According to statistics, I spend an average of 73 hours a year in traffic, 730 hours watching TV and 1,825 hours on my phone. Given this information, I don’t even want to know how many hours I’ve spent waiting in line for weekend brunch.
As a native New Yorker, born and raised, it’s bound to be an appalling number. I have memories from my childhood where I am standing in the too-small, uninsulated vestibule separating Three Guys diner from the chilly outdoors, my head barely high enough to peer through the pane of glass separating me from Belgian waffles and fake maple syrup, listening as my mom asked, “How long’s the wait for five people?”
“25 minutes.”
As a kid, a 25-minute weekend brunch wait sounded like an eternity. As a twenty-something adult woman who has now spent time living in the West Village and Nolita, a 25-minute weekend brunch wait sounds too good to be true.
Until recently, that is.
My revelation to the contrary occurred 100% by accident. I was meeting a friend at Jack’s Wife Freda for — you guessed it — weekend brunch. We agreed to meet at 12 p.m. We both coincidentally arrived early (13 minutes early, to be exact). At 11:47 a.m., we approached the establishment from opposite directions. We saw each other at the same time and laughed. What providence!

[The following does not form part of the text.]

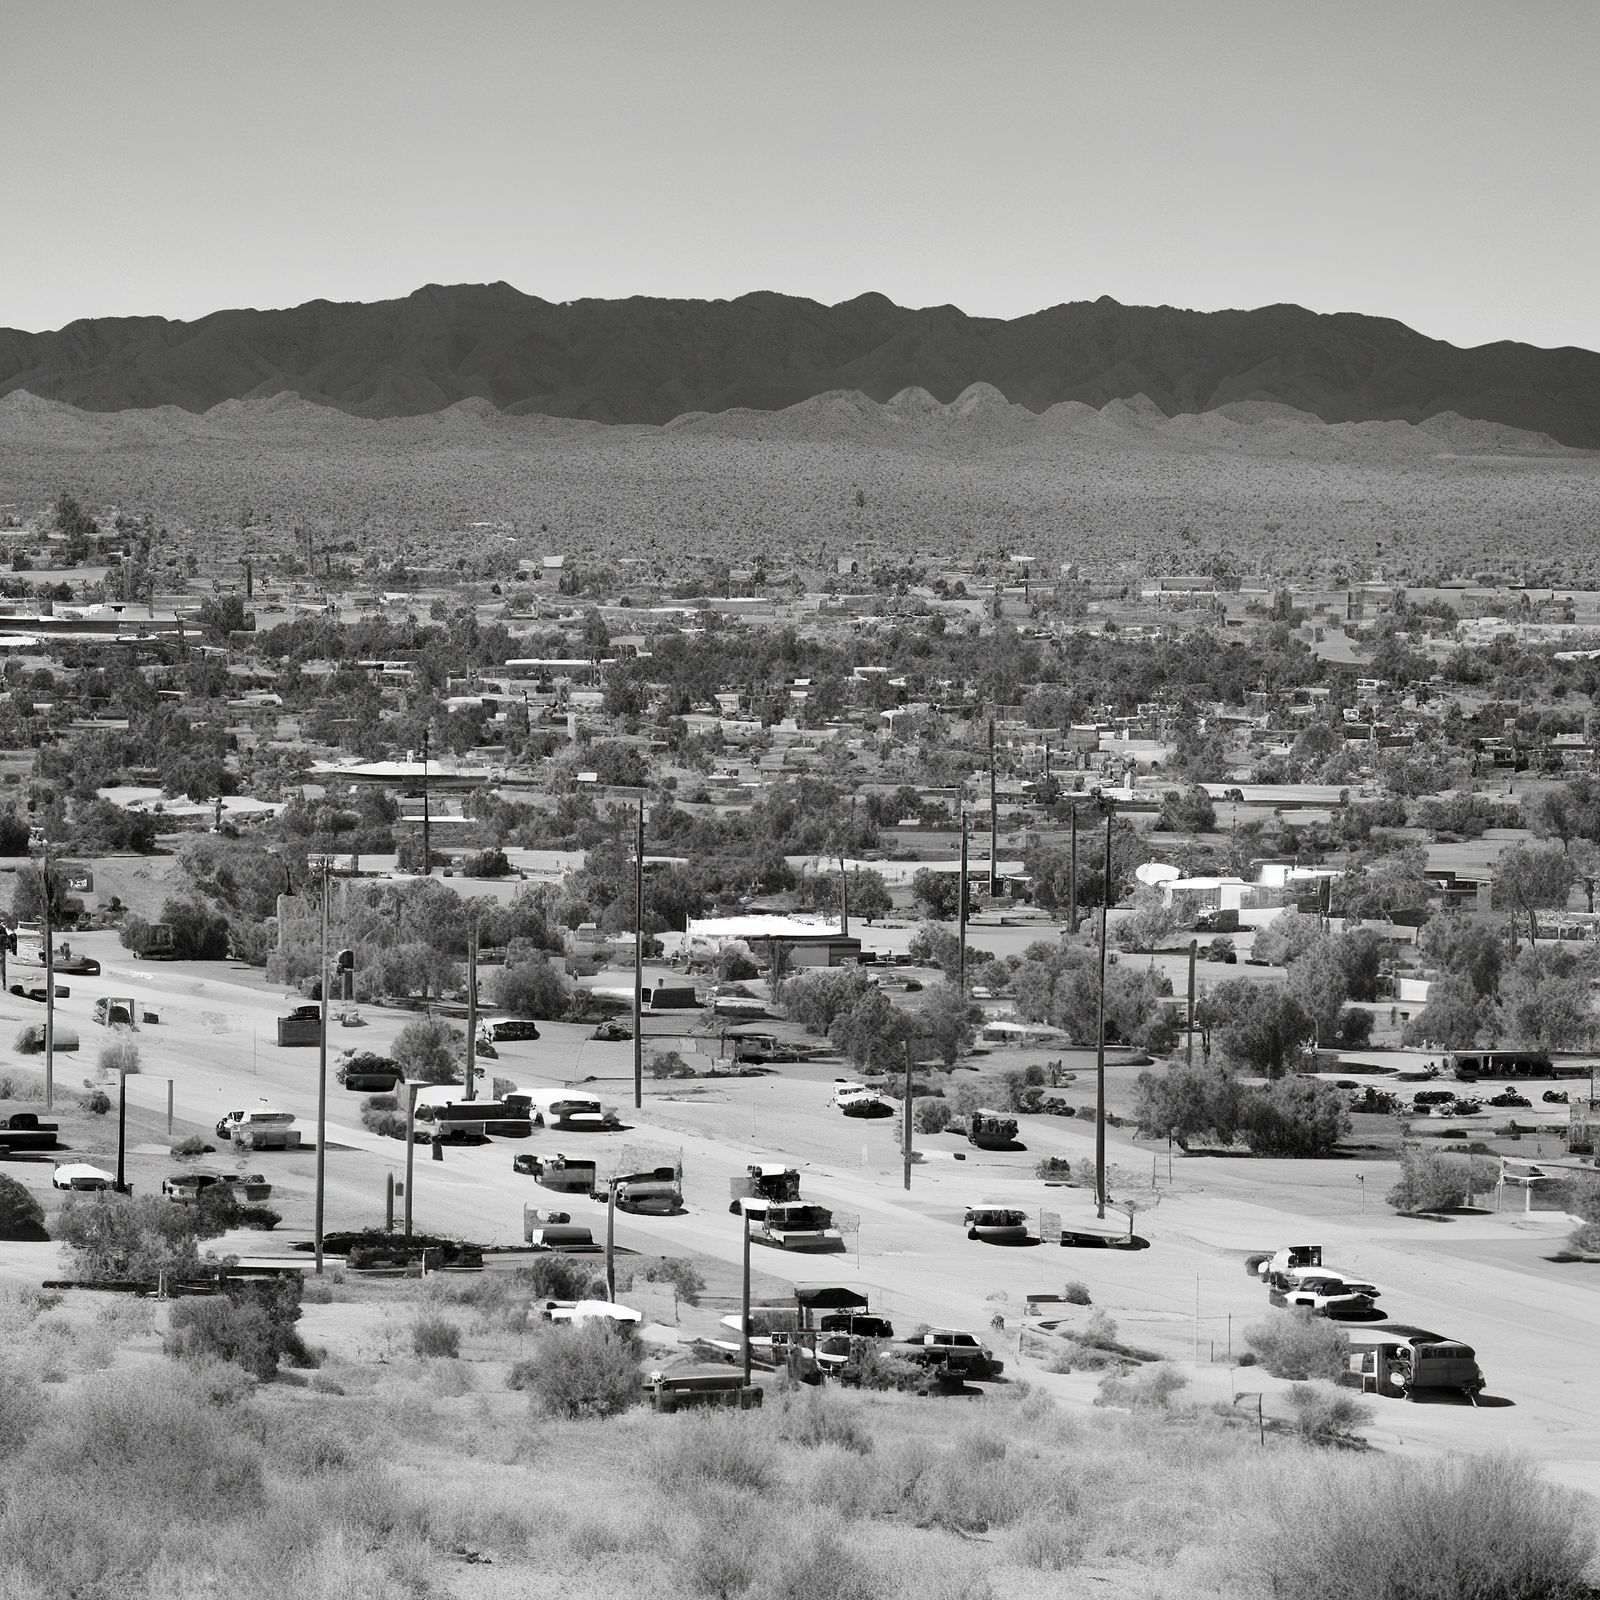 © Craig Ames - Untitled View (Albuquerque) [1]. (Possibly After Joe Deal )
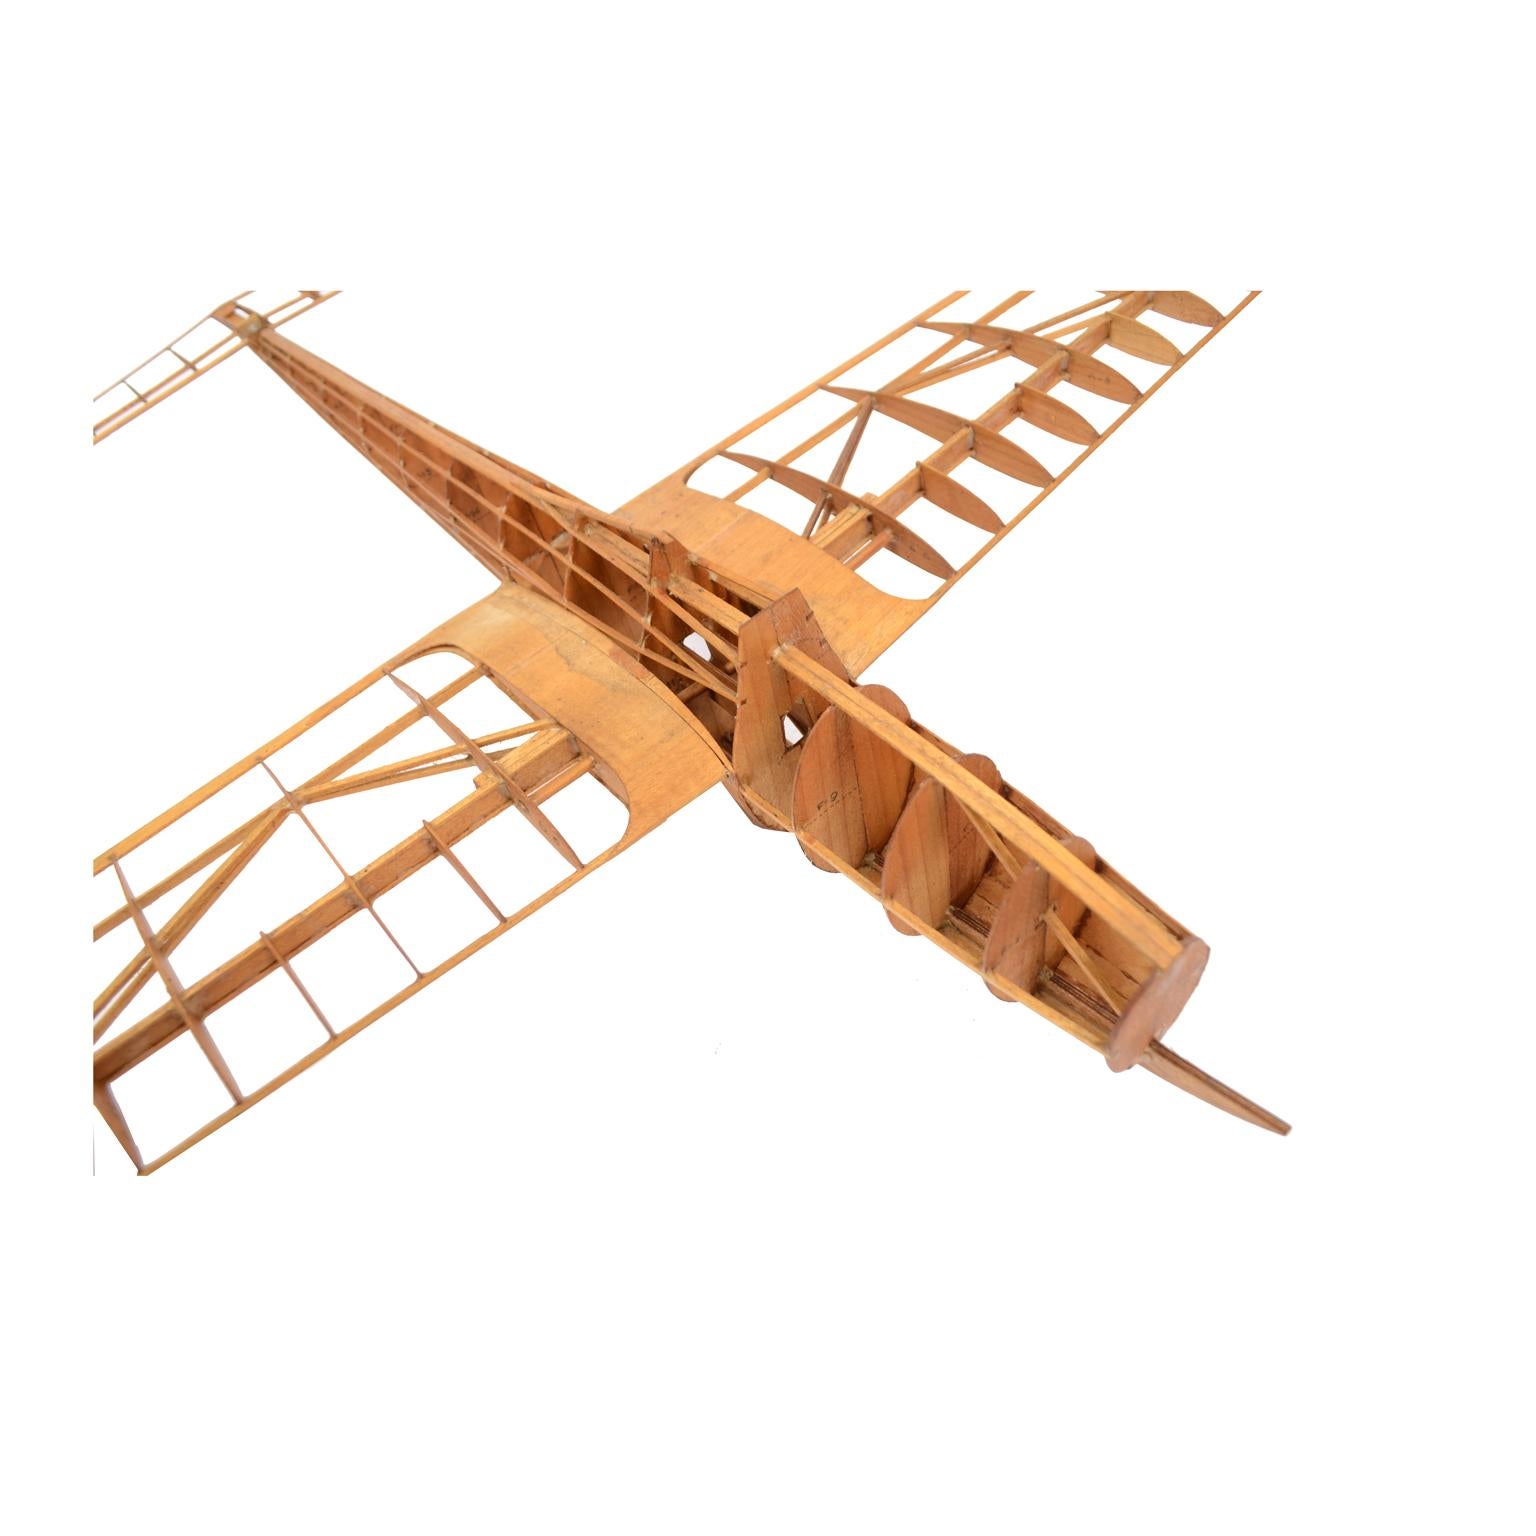 Scale Model of the Structure of a Passenger Airplane 12

Like gladiators entering an arena, we faced the entry shoulder-to-shoulder, bracing ourselves for the presumably long wait ahead. I felt the beginnings of a stomach grumble and attempted to distract myself from impending hunger by thinking of various inedible things: cement, rusty shovels, etc.
It didn’t work. I smelled eggs.
We approached the hostess trepidatiously. “How long’s the wait for two?” I asked.
“Actually…” she said, glancing over her shoulder, “We can seat you right now.”
My friend made a noise that sounded like a cross between a giggle and a sexual experience. Meanwhile, I glanced around for traces of Ashton Kutcher.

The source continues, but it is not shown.